One of the advantages of not purging my in-boxes is that I have a ready database of tasting notes. Here are some critics employing "lifted" -- for aromas, mouthfeel and finish, and often with dark fruits. It's pretty hard to see any consistent meaning.
Monica Larner, Wine Advocate
I think Larner may be the only critic using the term in its original sense. Note that "high-toned" is another term for VA, and VA is not uncommon in Barolo.

2016 Luigi Oddero Barolo – lifted/high-toned aromas with sultry dark fruit
"The Figli Luigi Oddero 2016 Barolo is a wine of enormous depth and character. It delivers the best of the Nebbiolo playlist with sultry dark fruit at its core followed by lifted or high-toned aromas of dark spice, licorice, candied orange peel and spent embers. The aromatic intensity of the wine is fitted to the underlying power and focused tightness of the mouthfeel.

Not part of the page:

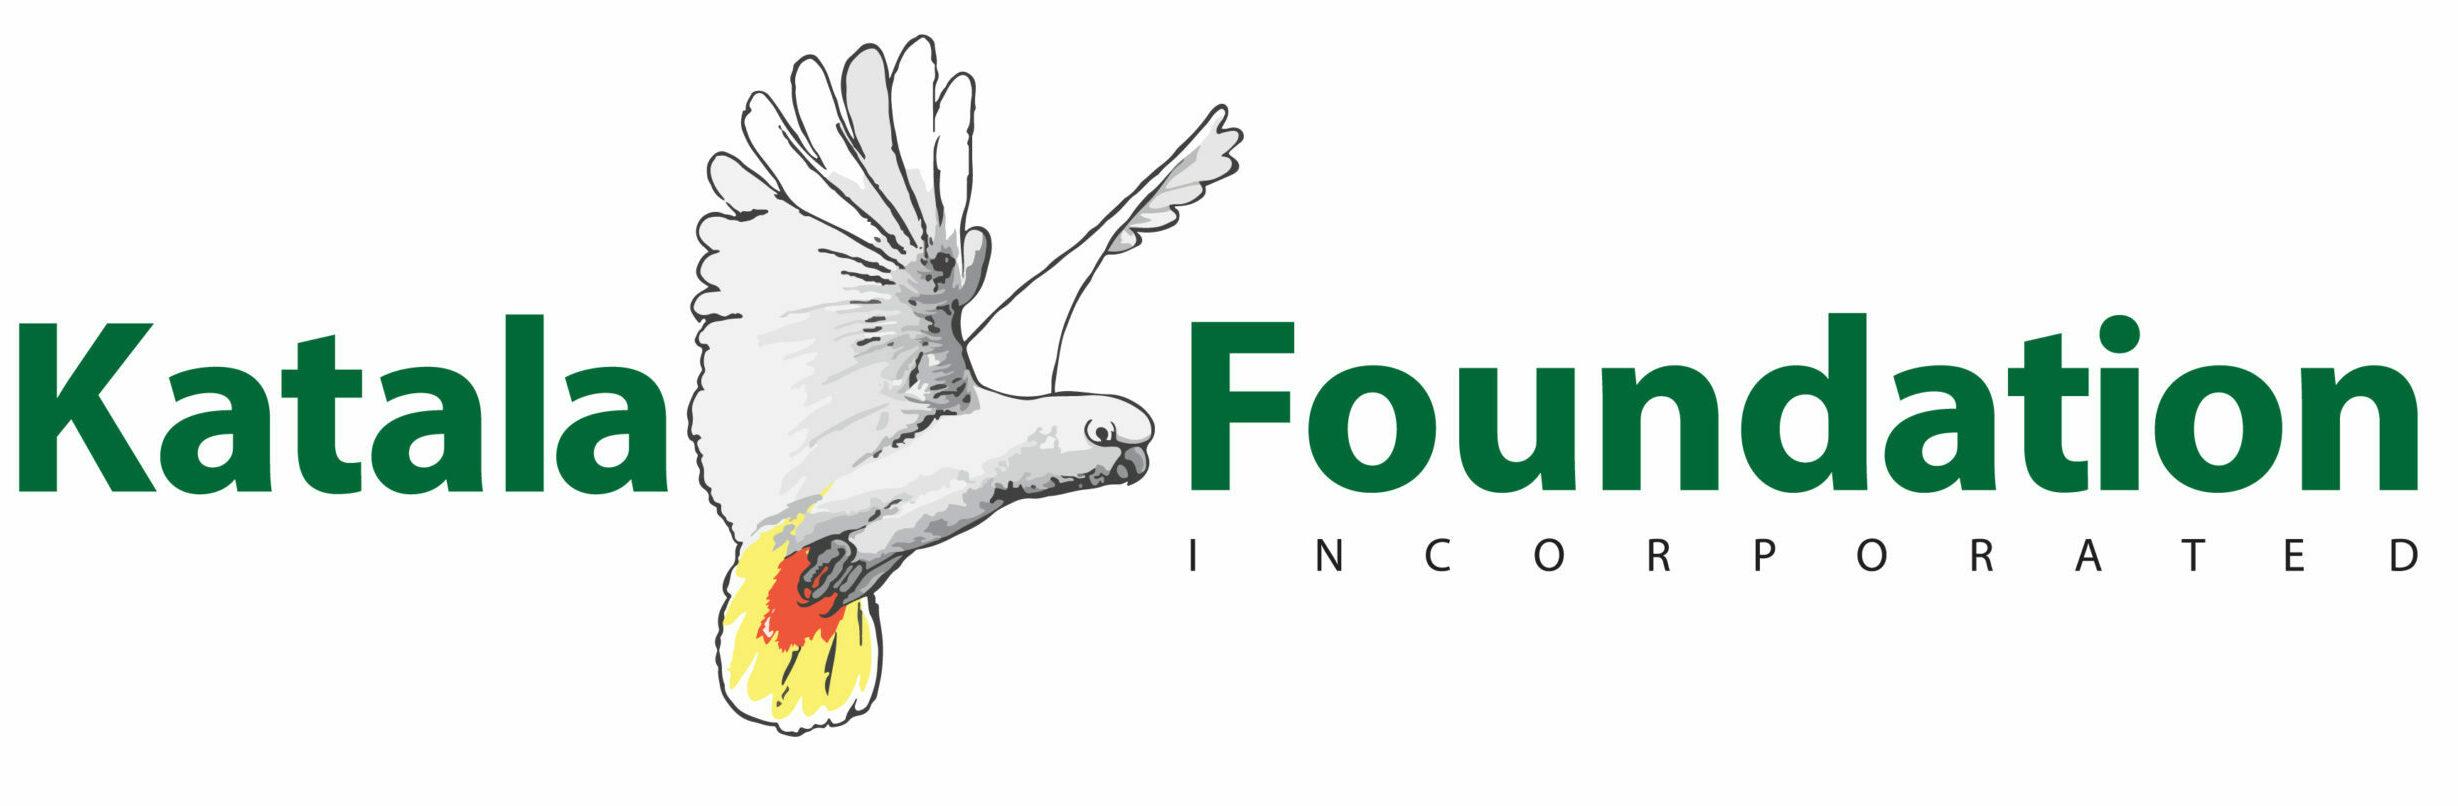 cropped-KFI-Logo-HORIZONTALFINAL-2-scaled-e1631865613937.jpg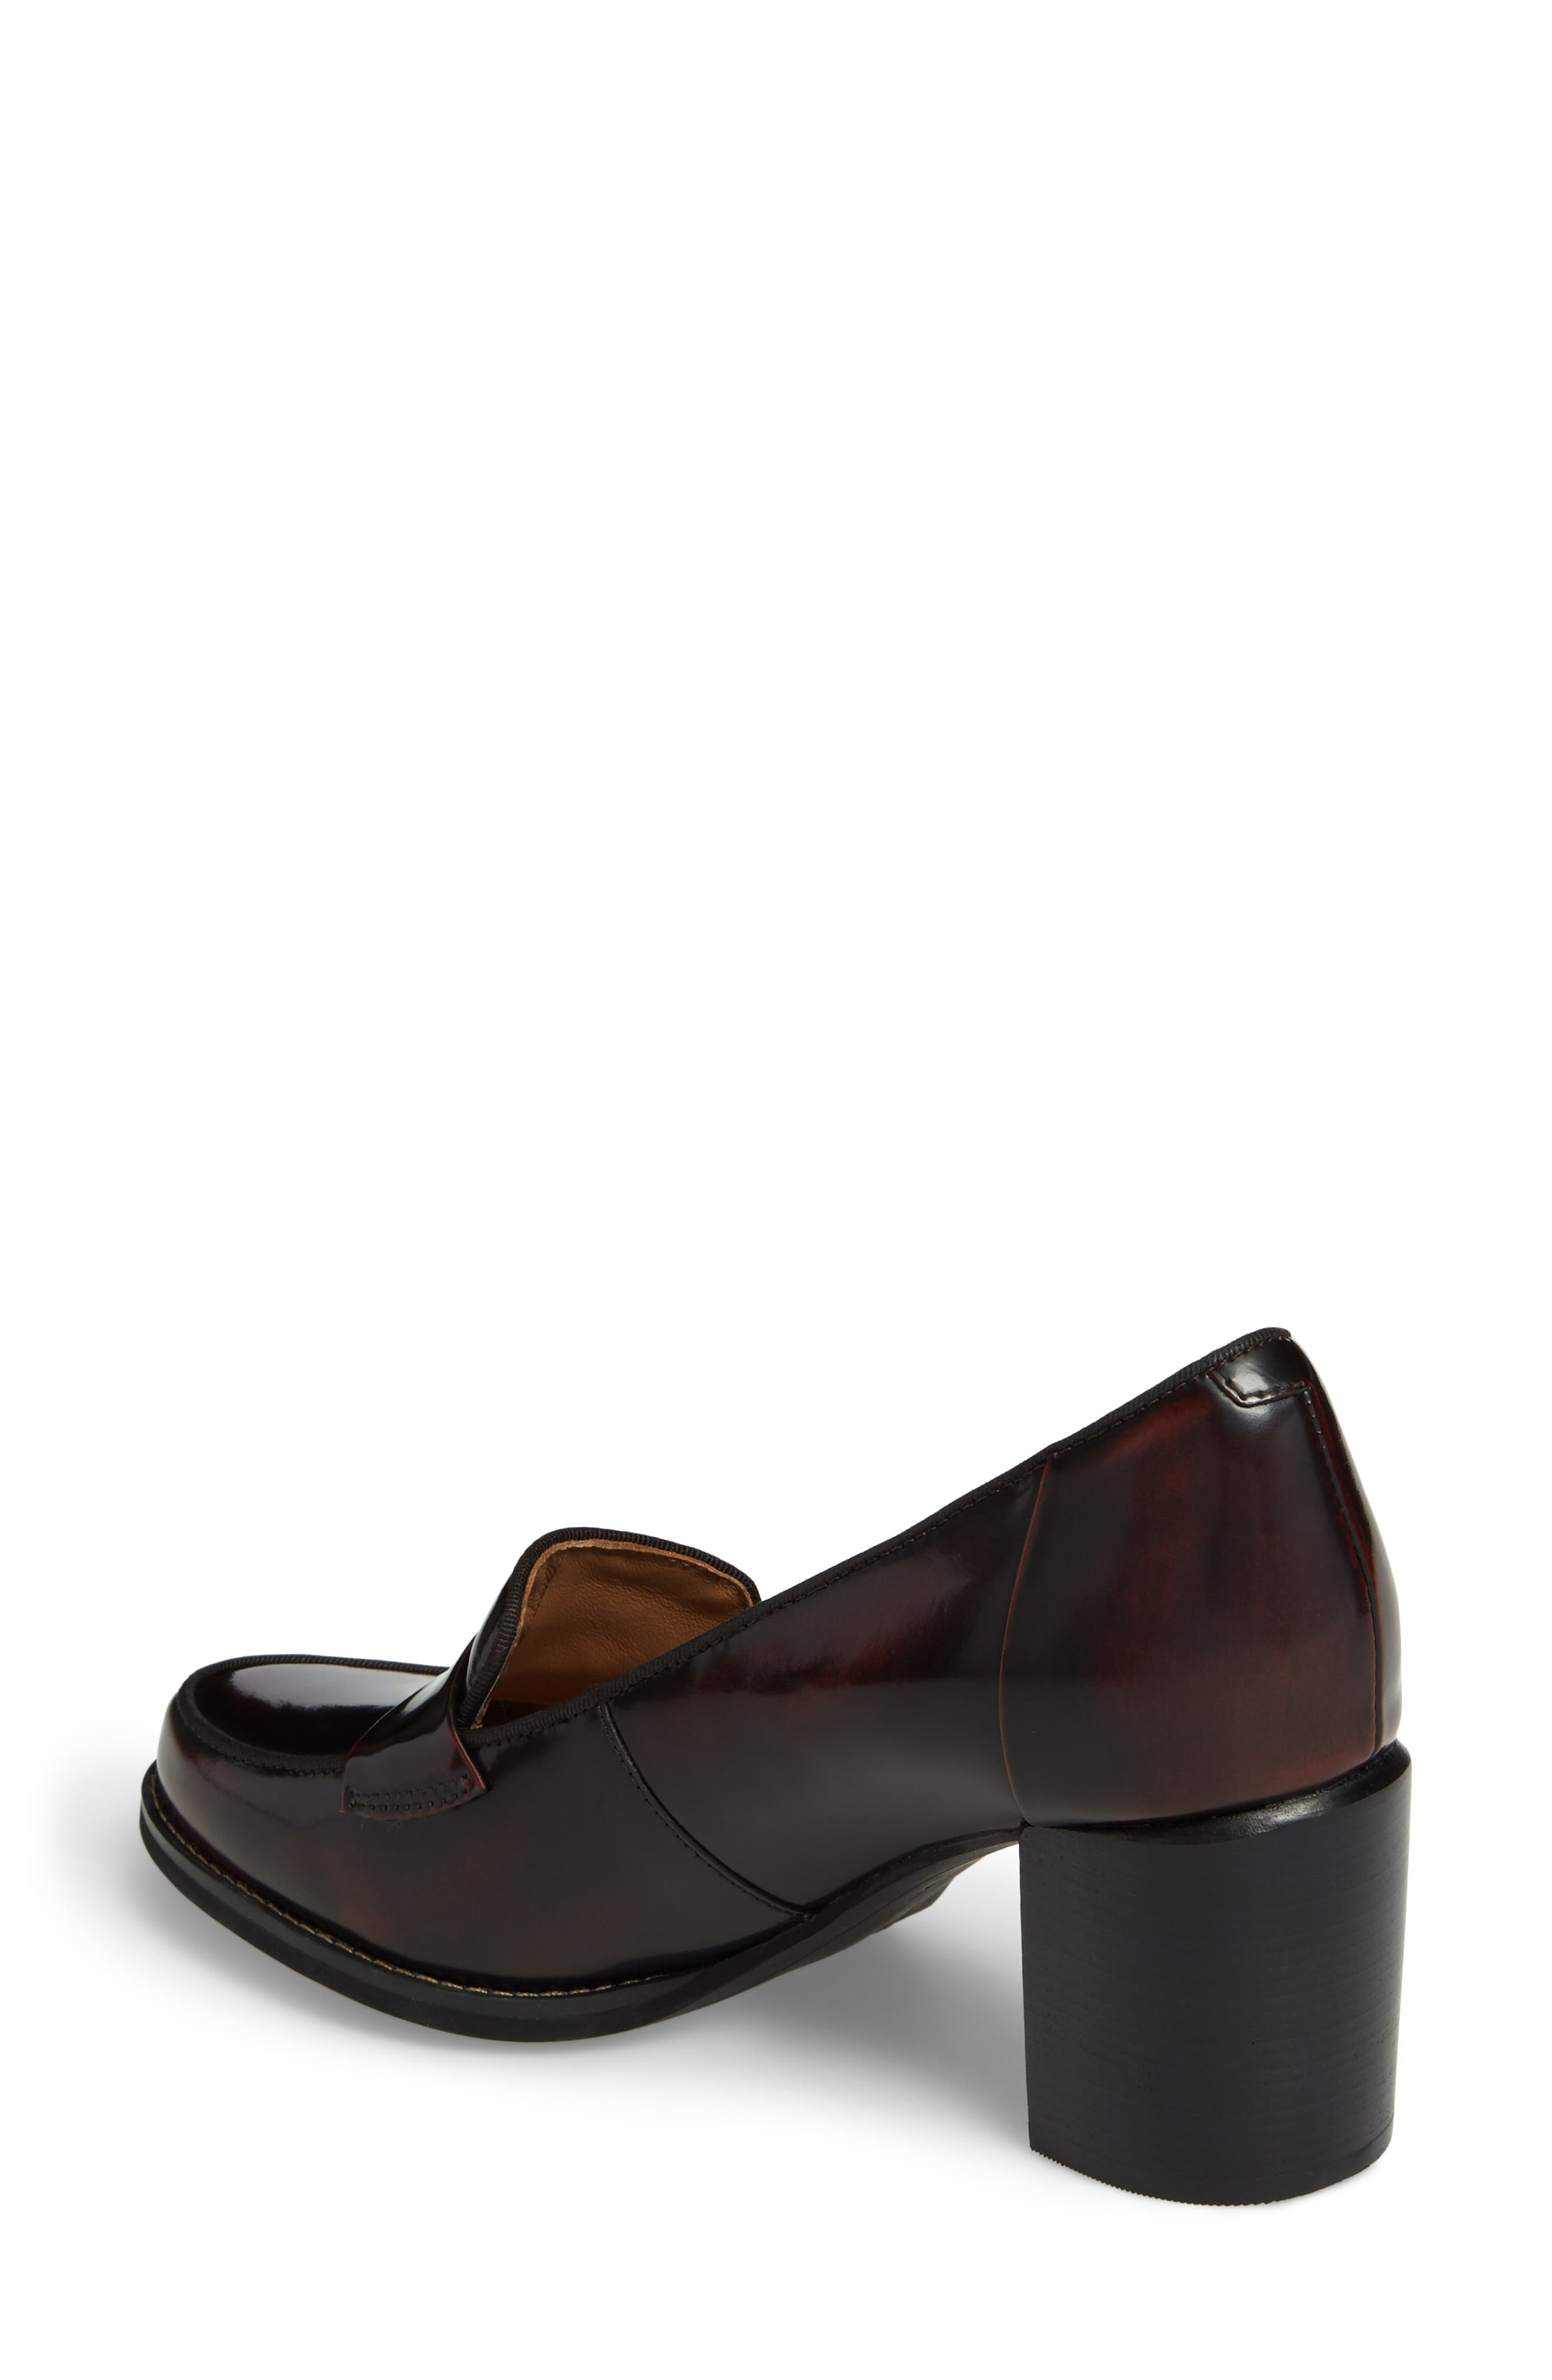 Tarah Grace Pump,                             Alternate thumbnail 2, color,                             Burgundy Leather

Chiara Boschis Barolo Mosconi 2016 – lifted nose and mouthfeel

"The E Pira-Chiara Boschis 2016 Barolo Mosconi is a little wider and richer compared to the Cannubi, with bigger fruit, more sweetness, spice, grilled oregano and a touch of crushed hazelnut. Despite the wide net of aromas offered on the bouquet, this wine shows a very sharp and focused approach with elegantly linear tannins and matching acidity. There is a lifted quality to both the nose and the mouthfeel that gives this wine beautiful momentum and length. Mosconi is one of the headline vineyards of Monforte d'Alba."
Lisa Perotti-Brown, Wine Advocate
2019 Chateau Pontet Canet Pauillac – lifted chocolate etc.
"The blend this year is 65% Cabernet Sauvignon, 30% Merlot, 3% Cabernet Franc and 2% Petit Verdot. Very deep purple-black colored, the 2019 Pontet-Canet has the most gorgeous, lifted perfume of lilacs, dark chocolate, Morello cherries and rosehip tea over a core of crème de cassis, plum preserves, licorice and woodsmoke with a waft of fragrant soil. Full-bodied, rich and fantastically opulent, the palate offers layer upon layer of ripe, finely grained tannins and seamless freshness, finishing very long and mineral laced. A real head-turner, this beauty is absolutely going to steal your heart!"
Roger Voss, Wine Enthusiast
2019 Chateau Sainte Roseline Cru Classe Lampe de Meduse Par Monsieur Christian Lacroix Provence Rose –lifted aftertaste
"French fashion icon Christian Lacroix designed this limited-edition bottle to celebrate 70 years since the launch of this brand. Yellow and tropical fruits come through in this warm, lightly textured wine. There is a touch of spice from the Grenache in the blend along with a lifted herbal aftertaste."
Jeb Dunnuck
2016 Alain Voge Cornas Vieilles Vignes – lifted black and blue fruits -- i.e., not red fruits
"The 2016 Cornas Les Vieilles Vignes is similar in style to the Vieilles Fontaines, just slightly less concentrated. It comes from the Combe, Patou, La Côte, Les Mazards and Chaillot lieux-dits and is partially destemmed and brought up mostly in neutral barrels. Lifted notes of black and blue fruits, damp earth, spring flowers, and violets all emerge from this full-bodied, concentrated yet elegant red that stays balanced on the palate, with good acidity. It's another powerful, seriously endowed, pedal-to-the-metal Cornas that will have two decades of longevity."
James Suckling
2016 Sena – lifted blackberries and blueberries -- i.e., not red fruits
"Aromas are lifted and bright in this wine with loads of blackberries and blueberries. Full body, velvety tannins. Gorgeous texture. Very pure fruit. A bright and more fundamental Seña than last vintages. Restrained at the end. 55% cabernet, 20% malbec, 12% petit verdot, 8% carmenere, 5% cabernet franc."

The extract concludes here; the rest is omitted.